- _Activity_
Take the lines from the one containing "Металлический карниз для" through the final line below and restate them exactly. Omit the pictures.

- _Supplied data_
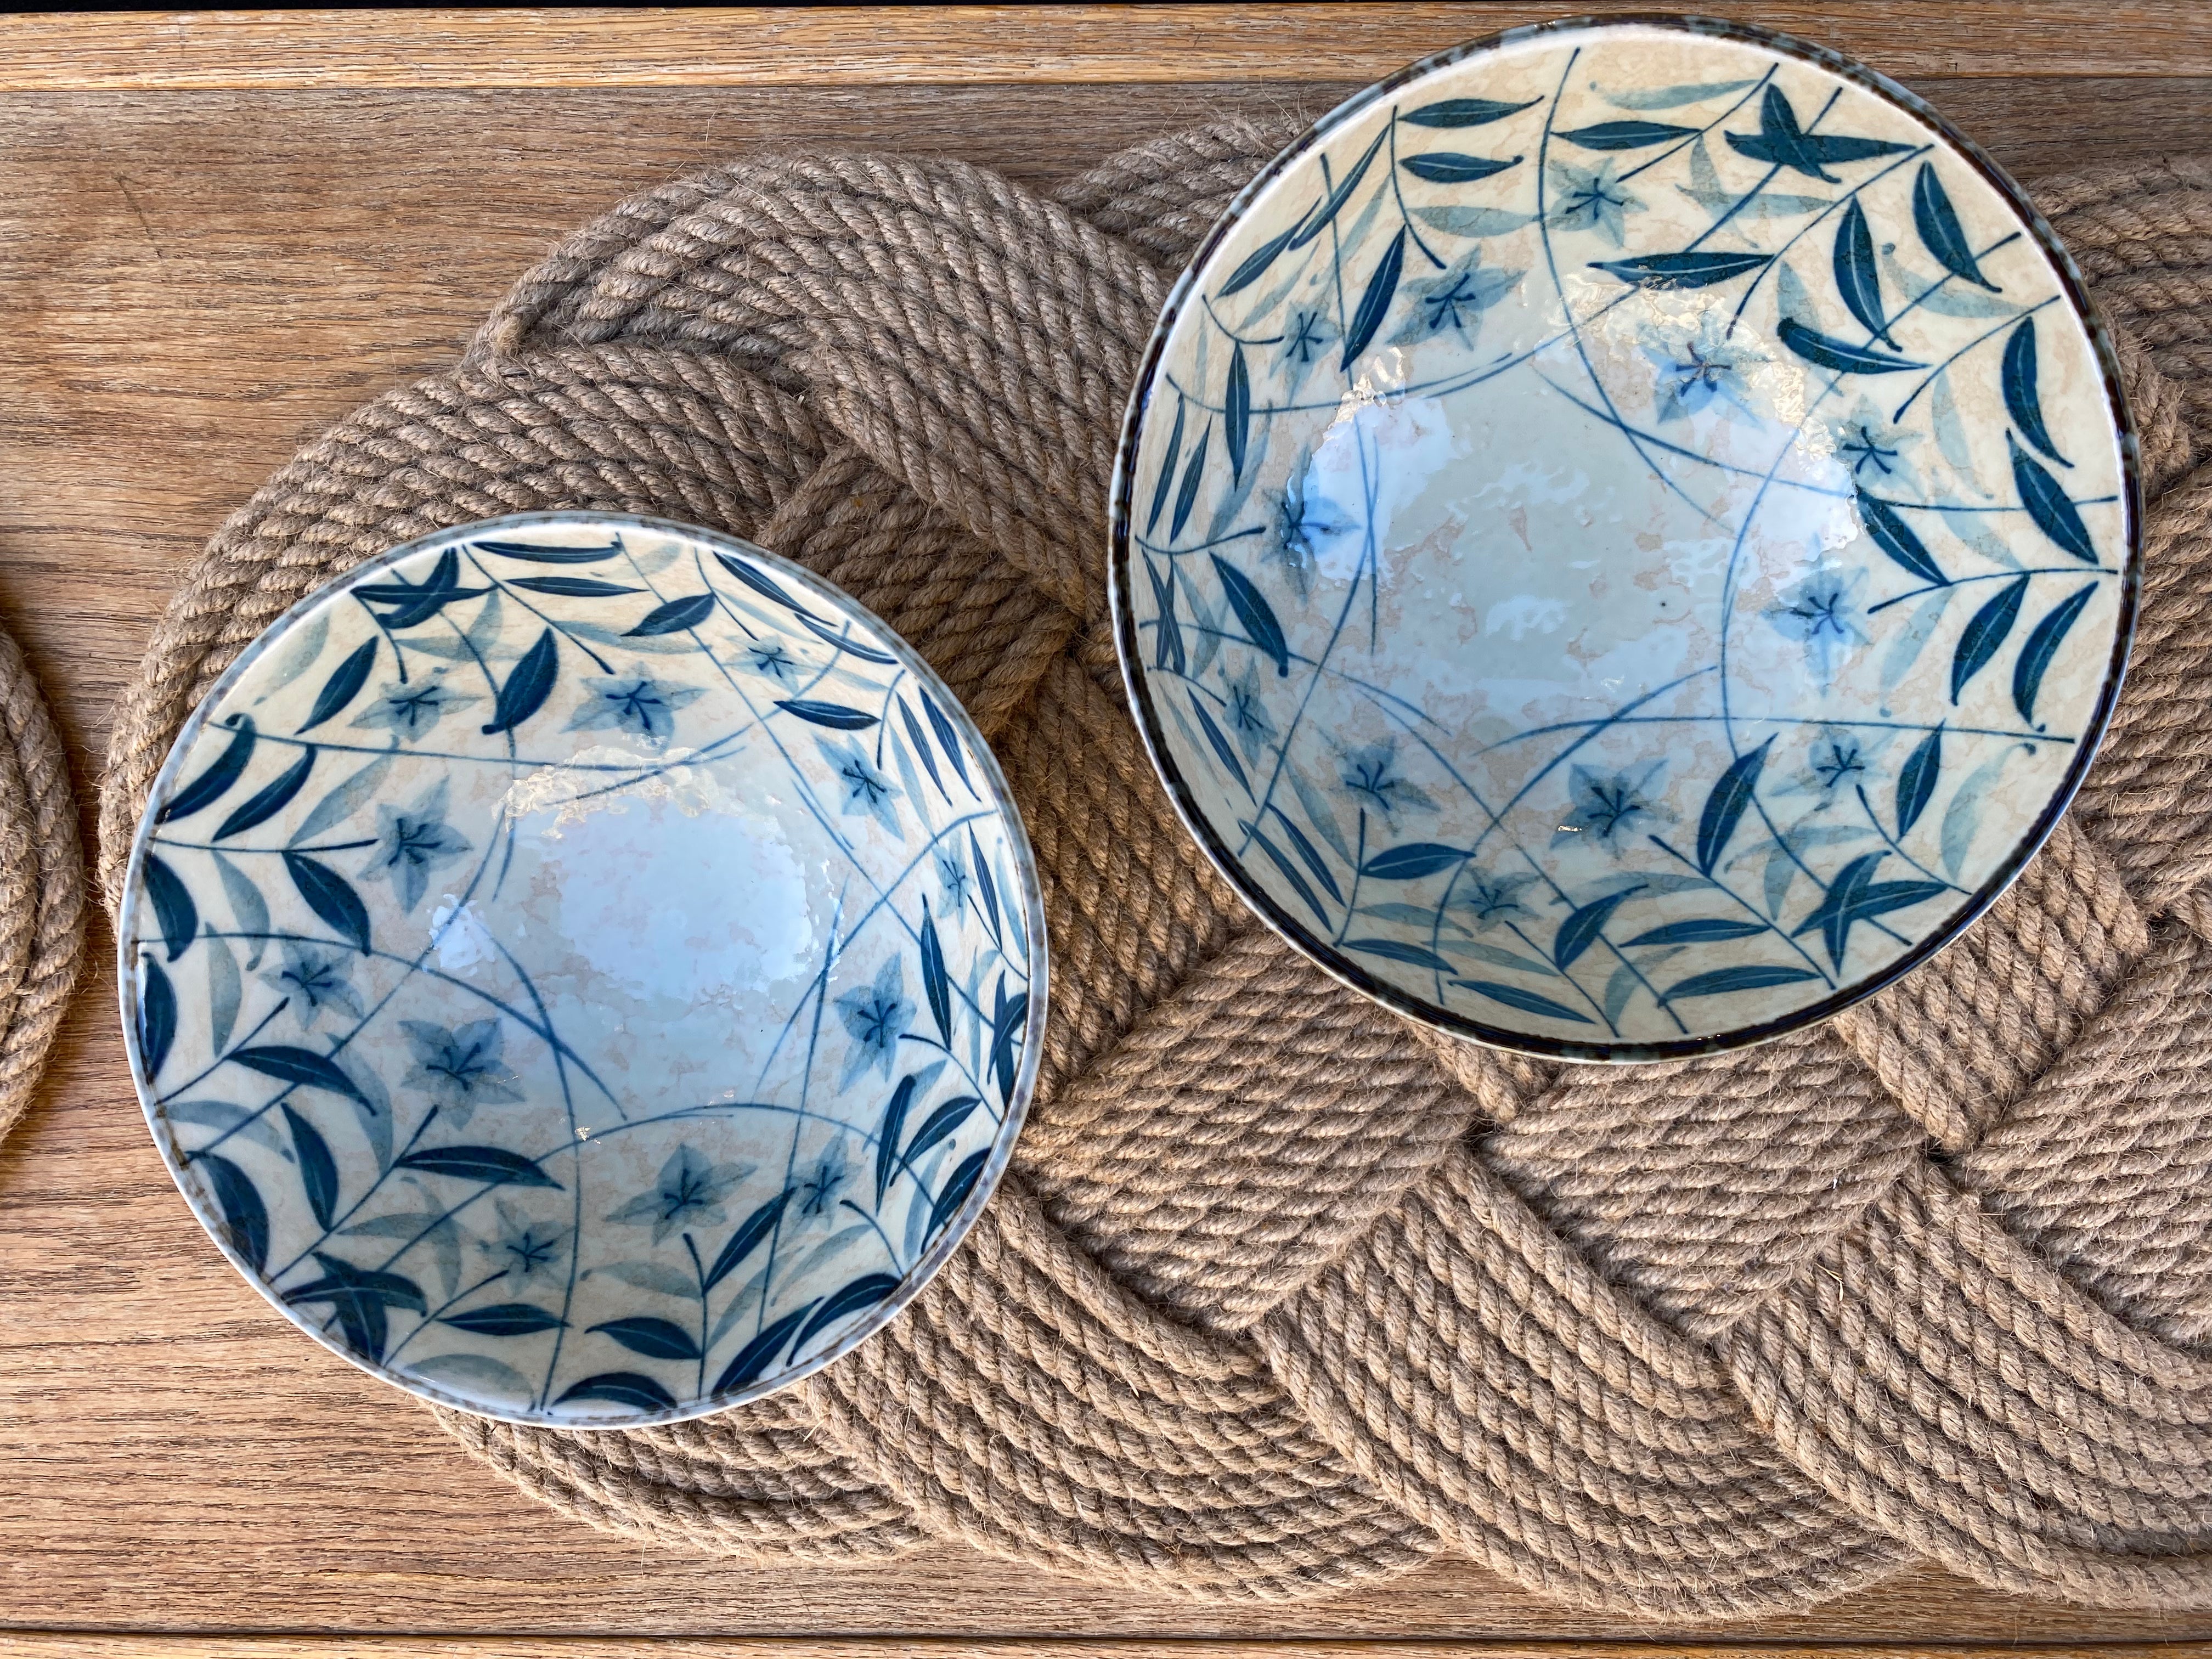 Noodle bowl with blue floral motif
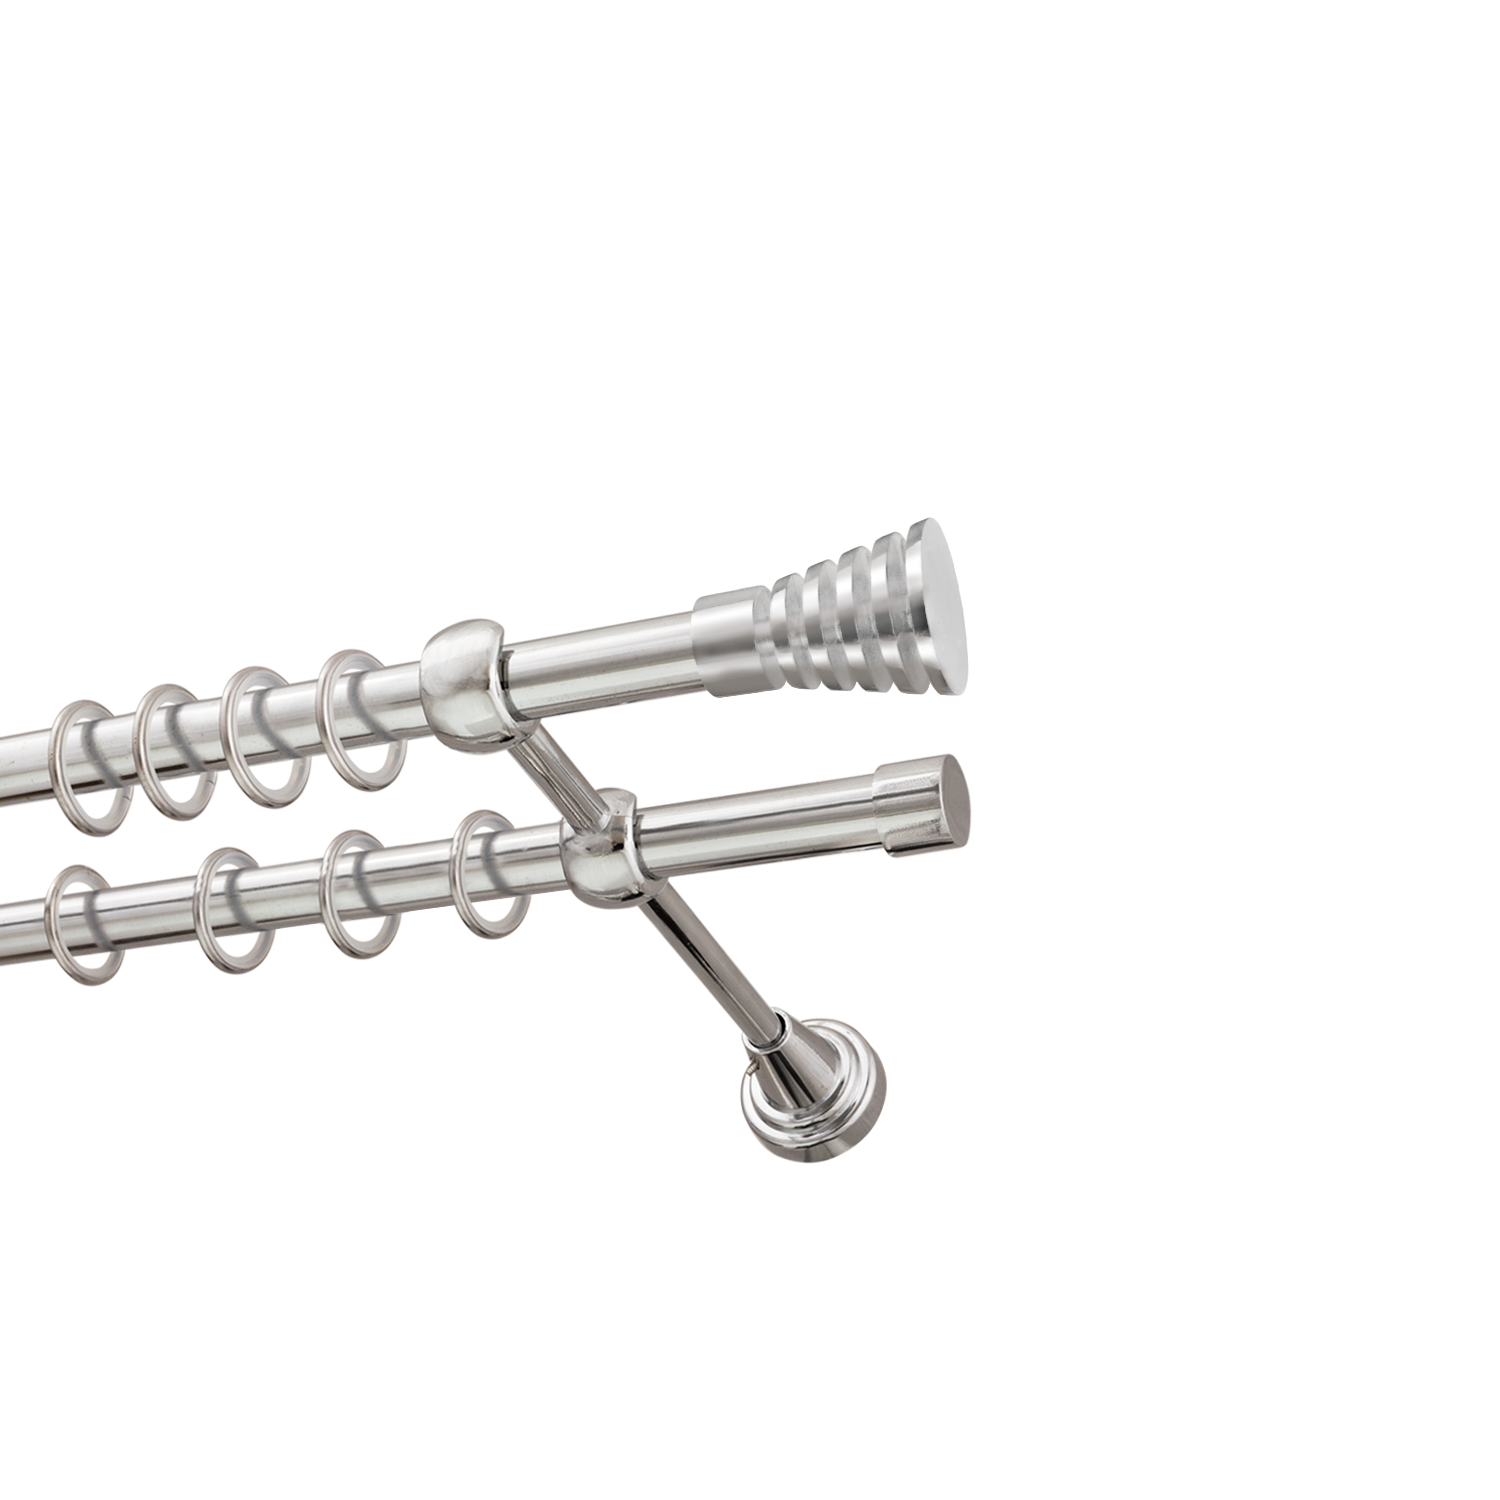 Металлический карниз для штор Верона, двухрядный 16/16 мм, серебро, гладкая штанга, длина 200 см
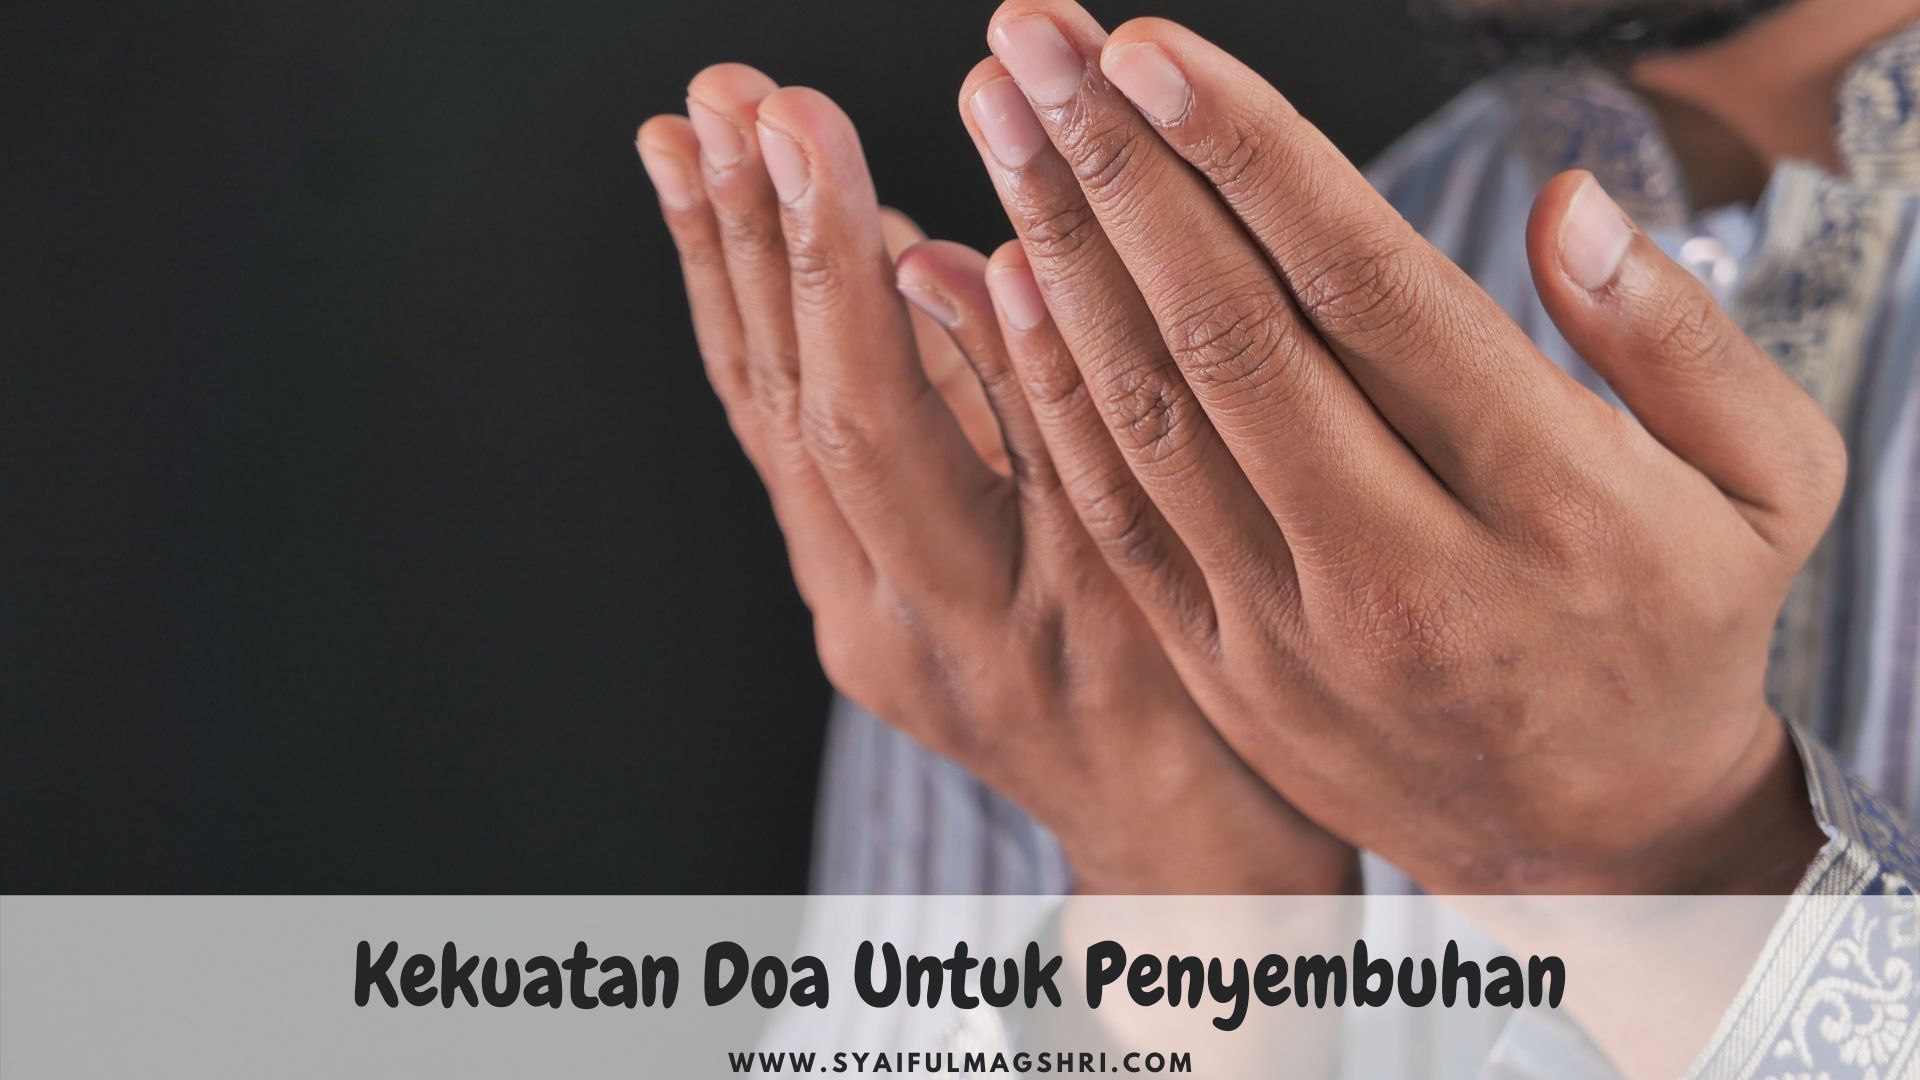 Kekuatan Doa untuk Penyembuhan - Syaiful Maghsri.com

- _Answer space_
 Металлический карниз для штор Верона, двухрядный 16/16 мм, серебро, гладкая штанга, длина 200 см
 Kekuatan Doa untuk Penyembuhan - Syaiful Maghsri.com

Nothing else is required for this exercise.